#### Data shown

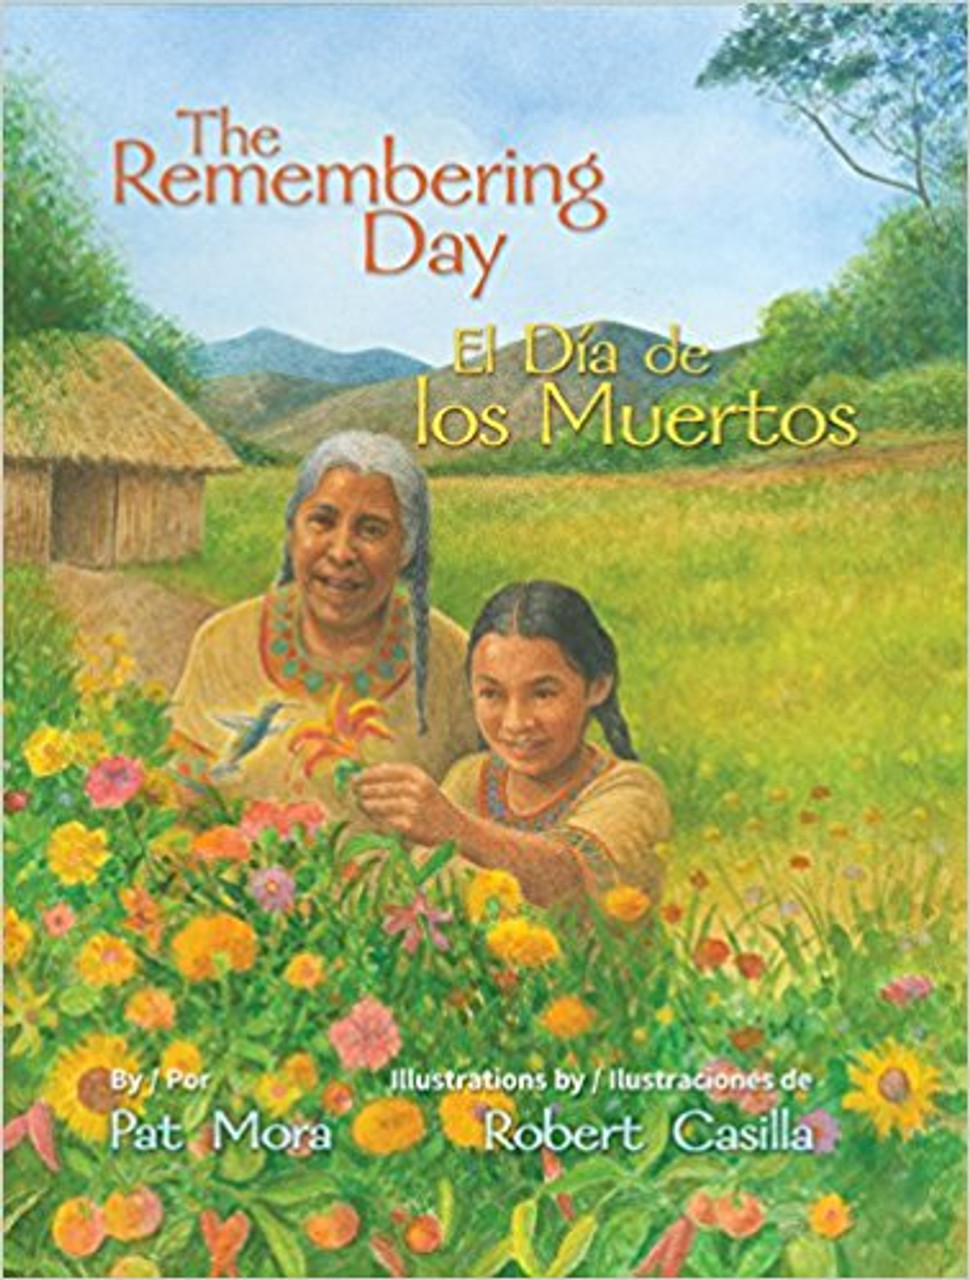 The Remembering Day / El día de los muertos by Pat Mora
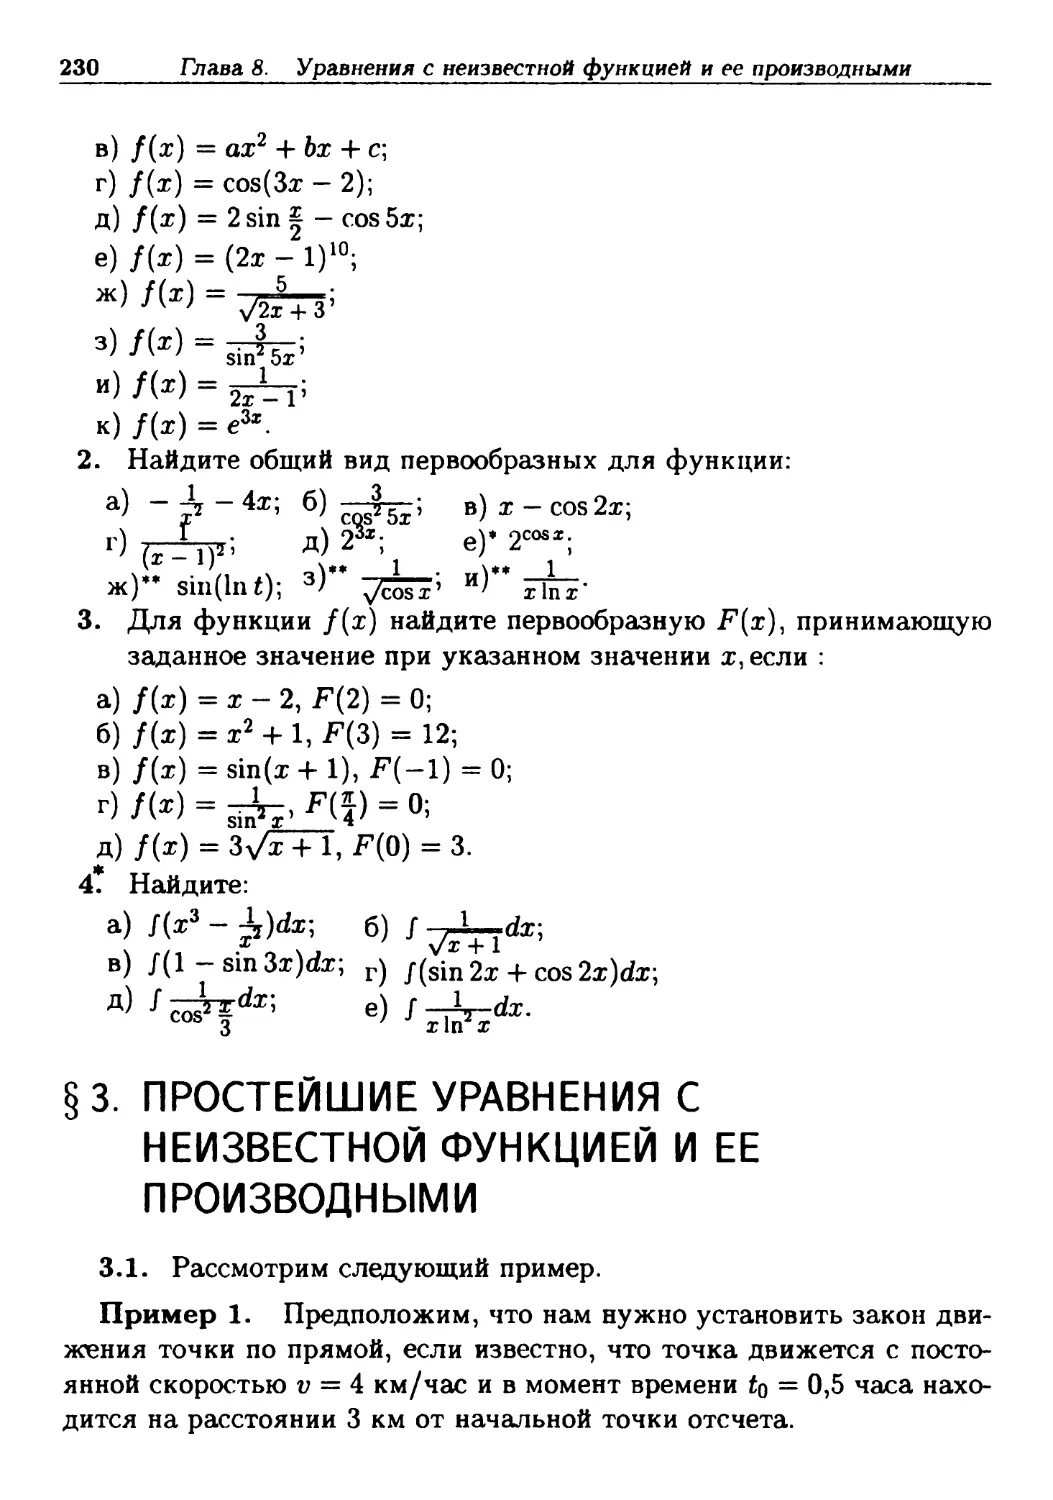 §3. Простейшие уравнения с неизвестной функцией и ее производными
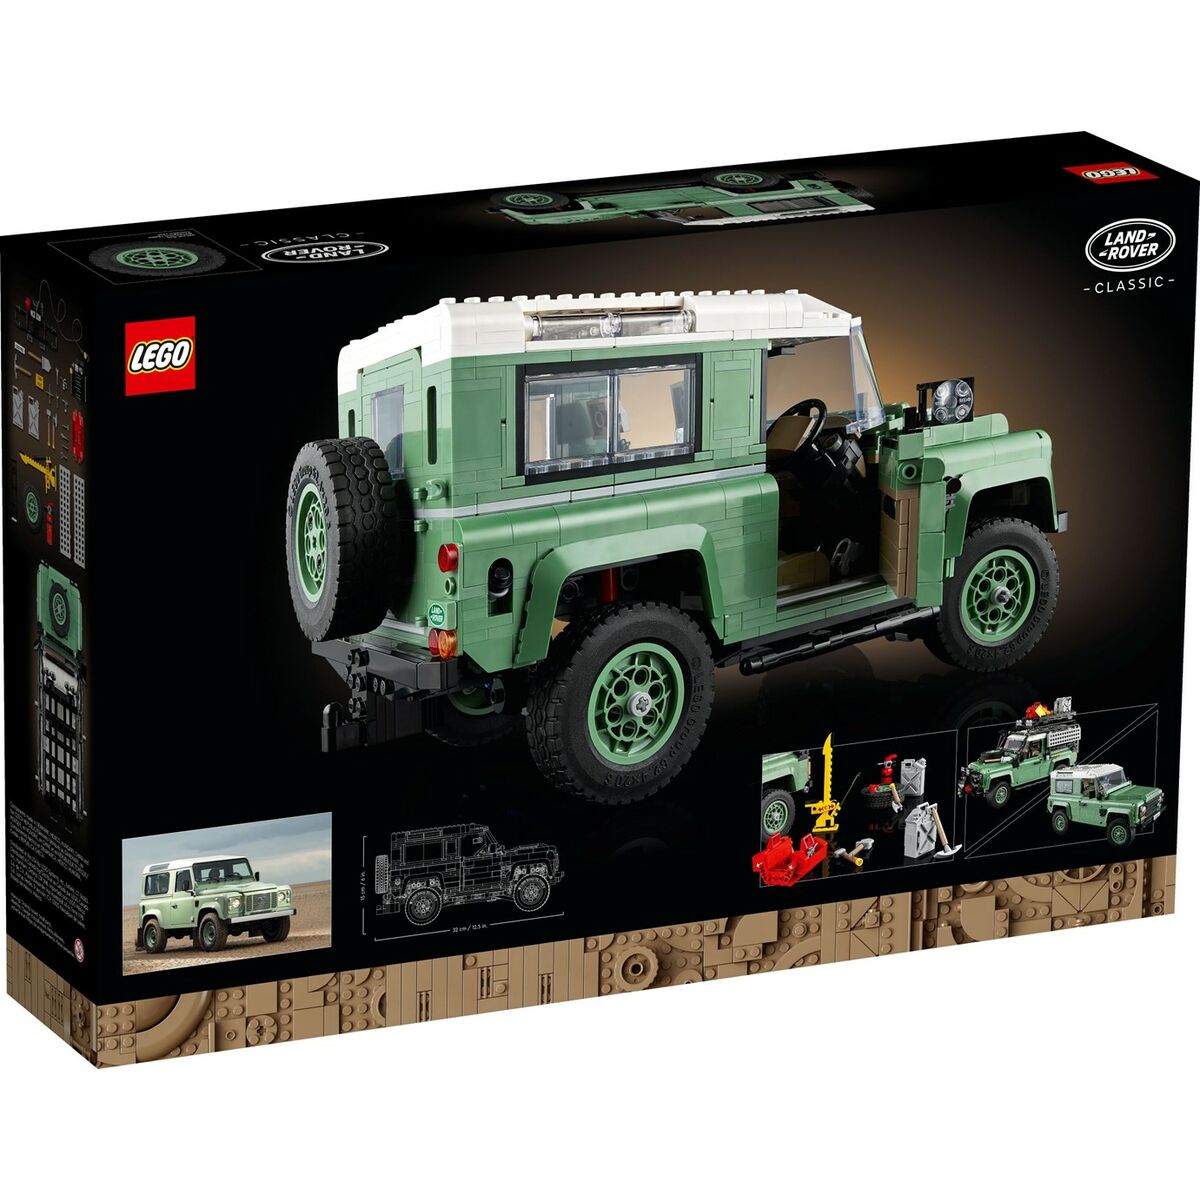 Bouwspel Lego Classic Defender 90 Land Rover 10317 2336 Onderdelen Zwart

########

**Exercise requirements:**
When you set down the material above, keep every word exact and include no pictures.

**Answer below:**
 The Remembering Day / El día de los muertos by Pat Mora
 §3. Простейшие уравнения с неизвестной функцией и ее производными
 Bouwspel Lego Classic Defender 90 Land Rover 10317 2336 Onderdelen Zwart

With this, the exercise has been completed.